### WHAT THE EXERCISE ASKS:
In the records below, begin at the line that has "G1競馬風のファンファーレ・賞発表の再生済みの波形" and stop after the line that has "Clase abierta de"; quote those lines verbatim and nothing more.

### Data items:
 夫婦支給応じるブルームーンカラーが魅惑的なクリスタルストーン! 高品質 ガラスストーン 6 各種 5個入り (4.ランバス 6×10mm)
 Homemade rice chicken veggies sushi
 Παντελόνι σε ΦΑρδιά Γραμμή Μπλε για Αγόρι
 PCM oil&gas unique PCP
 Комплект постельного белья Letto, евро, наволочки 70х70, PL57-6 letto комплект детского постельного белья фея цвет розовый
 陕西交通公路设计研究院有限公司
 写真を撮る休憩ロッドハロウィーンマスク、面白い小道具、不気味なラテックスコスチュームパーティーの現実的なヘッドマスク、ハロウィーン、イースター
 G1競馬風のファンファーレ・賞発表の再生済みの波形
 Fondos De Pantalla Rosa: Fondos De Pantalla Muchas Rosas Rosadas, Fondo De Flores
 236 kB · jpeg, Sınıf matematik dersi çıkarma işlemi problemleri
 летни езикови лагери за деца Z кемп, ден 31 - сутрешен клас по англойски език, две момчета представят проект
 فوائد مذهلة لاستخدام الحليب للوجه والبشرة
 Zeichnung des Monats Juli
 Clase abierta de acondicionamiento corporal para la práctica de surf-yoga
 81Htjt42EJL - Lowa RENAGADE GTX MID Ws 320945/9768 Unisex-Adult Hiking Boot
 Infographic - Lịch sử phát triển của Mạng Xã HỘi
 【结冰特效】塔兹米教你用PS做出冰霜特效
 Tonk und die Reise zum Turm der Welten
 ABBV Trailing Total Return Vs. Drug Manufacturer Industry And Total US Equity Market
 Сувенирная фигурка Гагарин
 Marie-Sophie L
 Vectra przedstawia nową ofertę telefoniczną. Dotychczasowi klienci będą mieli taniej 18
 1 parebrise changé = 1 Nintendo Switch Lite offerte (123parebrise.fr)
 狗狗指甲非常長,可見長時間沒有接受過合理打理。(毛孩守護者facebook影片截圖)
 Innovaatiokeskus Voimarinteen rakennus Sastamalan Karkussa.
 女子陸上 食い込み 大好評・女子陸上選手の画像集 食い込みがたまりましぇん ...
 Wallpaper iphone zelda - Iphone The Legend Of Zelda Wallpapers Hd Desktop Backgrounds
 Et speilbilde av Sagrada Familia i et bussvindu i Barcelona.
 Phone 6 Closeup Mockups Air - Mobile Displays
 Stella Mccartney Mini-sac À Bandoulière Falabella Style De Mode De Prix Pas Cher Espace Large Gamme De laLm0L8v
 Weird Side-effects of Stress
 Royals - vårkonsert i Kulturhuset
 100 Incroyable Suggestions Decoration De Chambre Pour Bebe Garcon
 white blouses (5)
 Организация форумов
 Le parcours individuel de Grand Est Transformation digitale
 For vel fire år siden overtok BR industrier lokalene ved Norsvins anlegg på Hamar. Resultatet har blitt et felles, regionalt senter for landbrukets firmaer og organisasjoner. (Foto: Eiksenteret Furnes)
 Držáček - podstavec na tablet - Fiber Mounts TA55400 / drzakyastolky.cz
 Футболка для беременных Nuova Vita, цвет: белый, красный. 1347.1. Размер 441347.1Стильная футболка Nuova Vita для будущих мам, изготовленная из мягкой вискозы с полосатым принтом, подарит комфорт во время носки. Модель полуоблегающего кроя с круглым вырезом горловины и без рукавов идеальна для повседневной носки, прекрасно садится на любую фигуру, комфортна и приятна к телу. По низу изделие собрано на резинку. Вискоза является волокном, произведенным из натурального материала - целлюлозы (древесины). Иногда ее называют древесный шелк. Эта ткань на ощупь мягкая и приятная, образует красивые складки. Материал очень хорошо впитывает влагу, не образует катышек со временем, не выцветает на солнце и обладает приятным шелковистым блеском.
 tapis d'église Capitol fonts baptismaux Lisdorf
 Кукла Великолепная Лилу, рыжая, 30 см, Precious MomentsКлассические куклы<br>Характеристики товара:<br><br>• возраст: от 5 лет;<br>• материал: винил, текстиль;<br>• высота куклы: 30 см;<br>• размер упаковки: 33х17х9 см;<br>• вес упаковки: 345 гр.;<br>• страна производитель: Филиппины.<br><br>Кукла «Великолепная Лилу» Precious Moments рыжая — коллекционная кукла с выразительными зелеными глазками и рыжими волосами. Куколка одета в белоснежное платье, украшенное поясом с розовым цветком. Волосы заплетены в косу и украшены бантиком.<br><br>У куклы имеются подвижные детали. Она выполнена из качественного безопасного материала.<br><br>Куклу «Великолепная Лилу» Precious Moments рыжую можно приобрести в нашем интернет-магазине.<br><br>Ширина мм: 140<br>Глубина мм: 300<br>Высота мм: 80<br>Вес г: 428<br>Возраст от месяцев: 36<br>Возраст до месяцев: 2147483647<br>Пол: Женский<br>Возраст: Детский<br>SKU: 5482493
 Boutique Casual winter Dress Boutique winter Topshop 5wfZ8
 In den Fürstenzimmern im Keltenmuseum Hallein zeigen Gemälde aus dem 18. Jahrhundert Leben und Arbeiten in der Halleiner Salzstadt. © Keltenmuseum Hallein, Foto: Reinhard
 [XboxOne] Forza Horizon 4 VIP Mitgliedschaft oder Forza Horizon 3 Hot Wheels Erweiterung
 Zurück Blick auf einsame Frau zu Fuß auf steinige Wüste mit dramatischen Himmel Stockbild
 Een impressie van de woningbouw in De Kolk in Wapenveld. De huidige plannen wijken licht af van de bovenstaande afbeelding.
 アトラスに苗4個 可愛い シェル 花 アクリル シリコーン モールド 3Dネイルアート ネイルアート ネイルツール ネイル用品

### FINISHED EXERCISE:
 G1競馬風のファンファーレ・賞発表の再生済みの波形
 Fondos De Pantalla Rosa: Fondos De Pantalla Muchas Rosas Rosadas, Fondo De Flores
 236 kB · jpeg, Sınıf matematik dersi çıkarma işlemi problemleri
 летни езикови лагери за деца Z кемп, ден 31 - сутрешен клас по англойски език, две момчета представят проект
 فوائد مذهلة لاستخدام الحليب للوجه والبشرة
 Zeichnung des Monats Juli
 Clase abierta de acondicionamiento corporal para la práctica de surf-yoga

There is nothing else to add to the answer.